**To do**
Copy out the lines beginning at the one with "2. deste Contrato." and ending at the last line of the data, both included; pictures stay out.

**Given material**
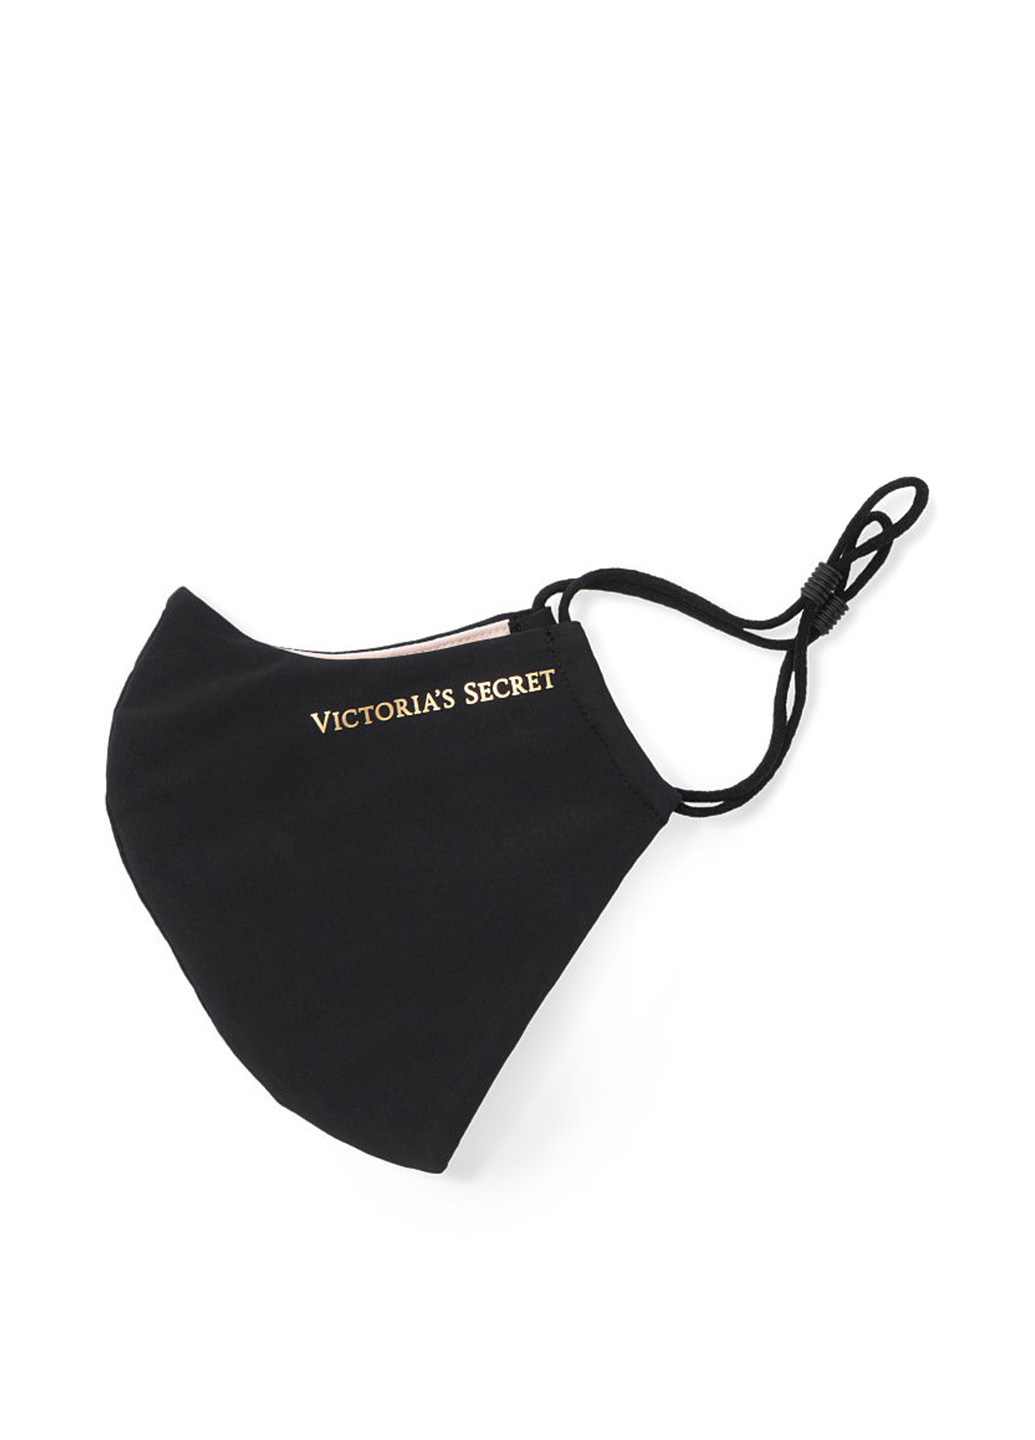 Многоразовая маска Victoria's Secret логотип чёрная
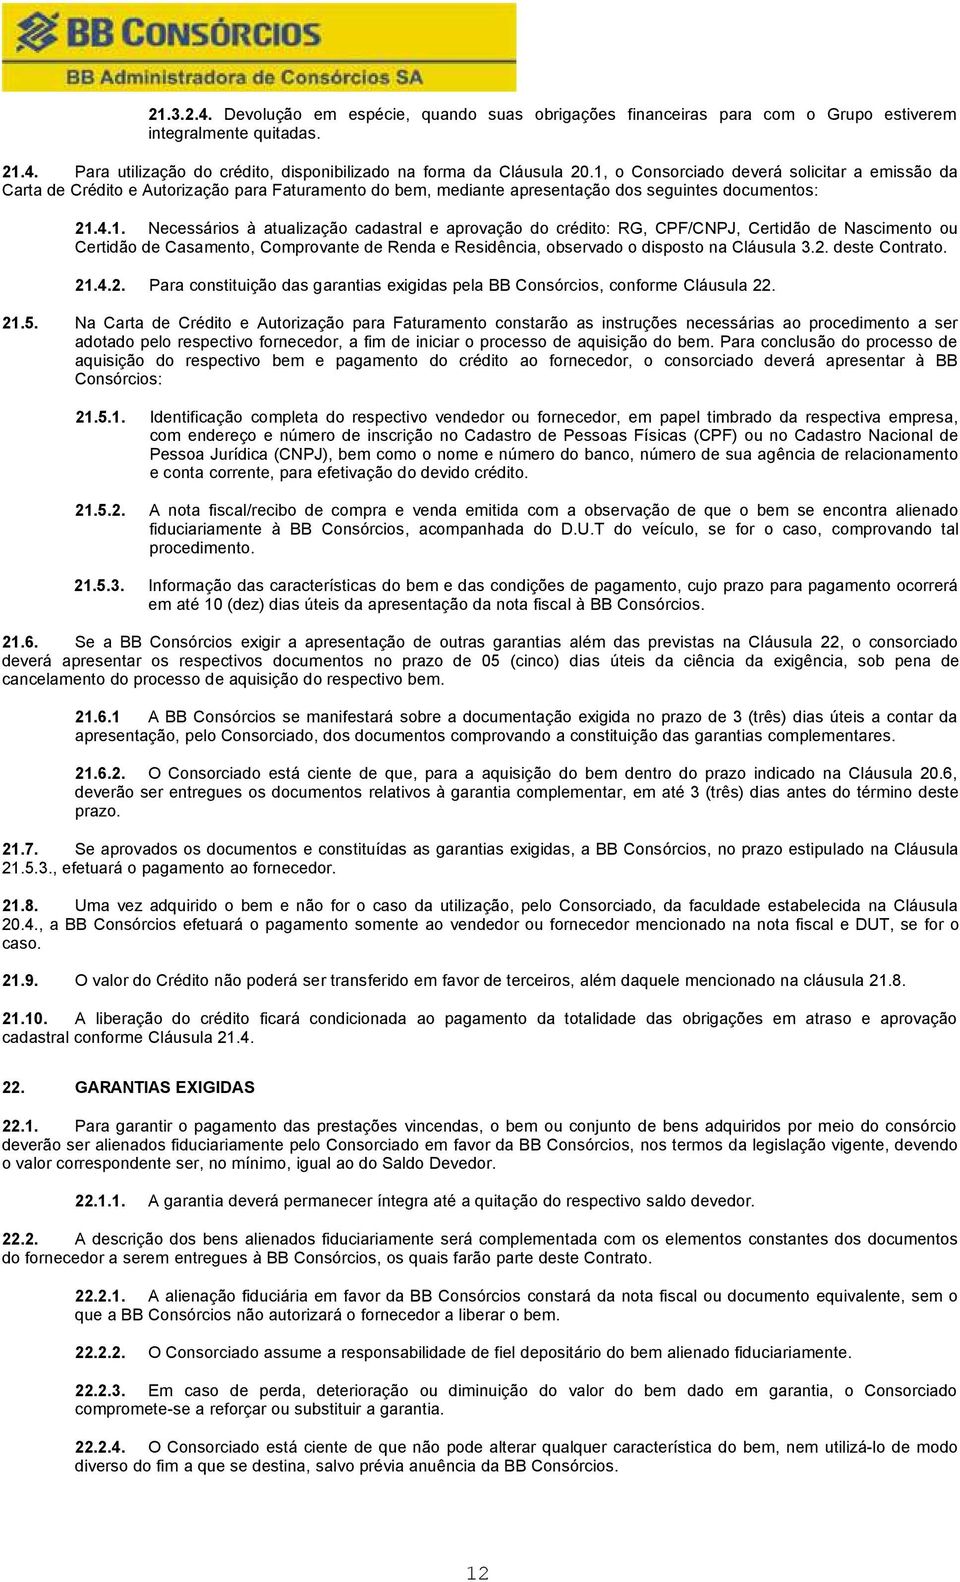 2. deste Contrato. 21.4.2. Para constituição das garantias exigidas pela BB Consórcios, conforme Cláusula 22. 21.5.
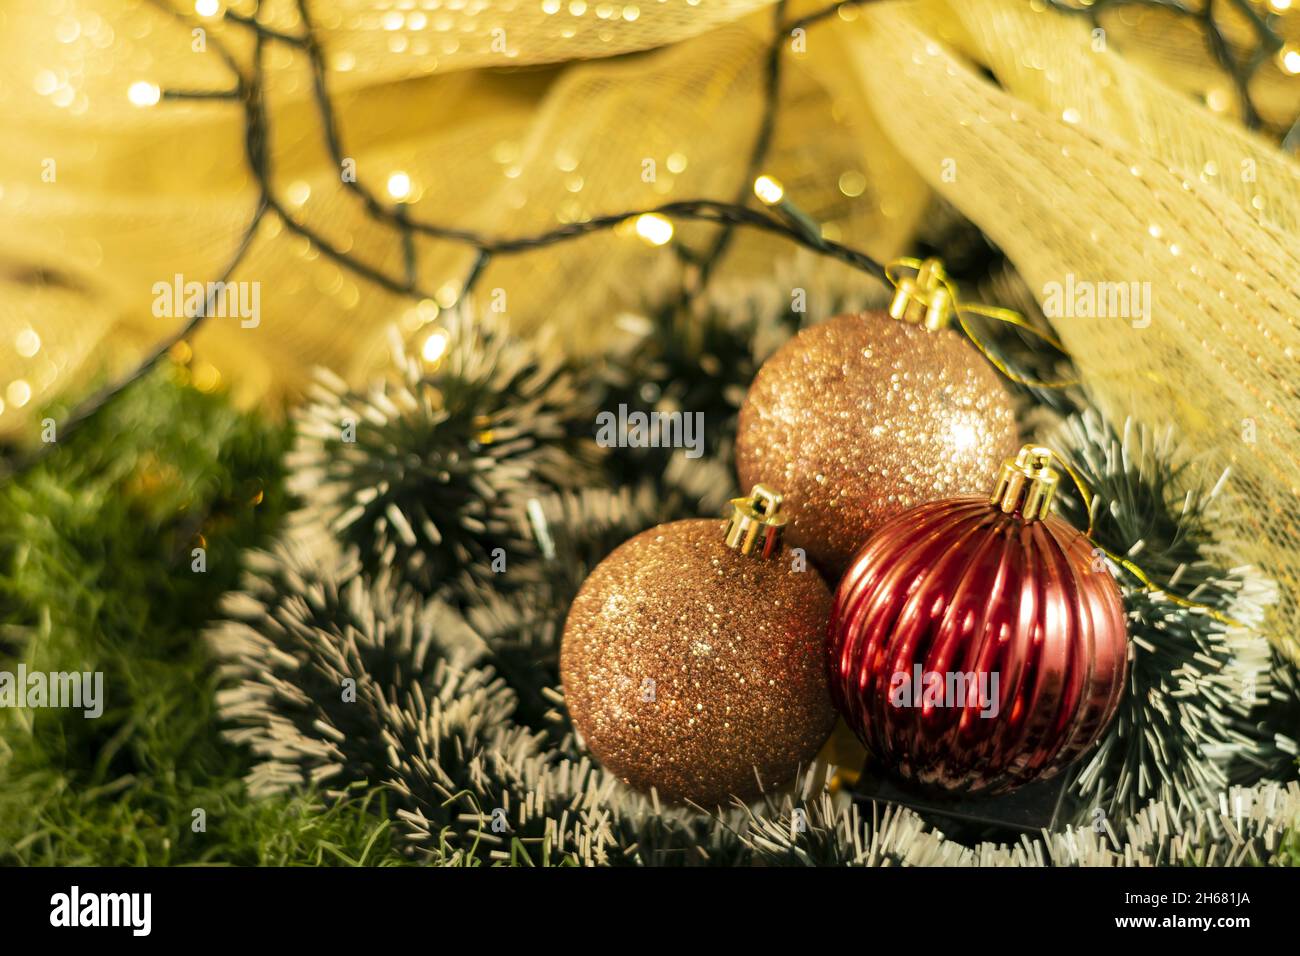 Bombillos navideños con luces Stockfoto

**Response to the task**
 2. deste Contrato. 21.4.2. Para constituição das garantias exigidas pela BB Consórcios, conforme Cláusula 22. 21.5.
 Bombillos navideños con luces Stockfoto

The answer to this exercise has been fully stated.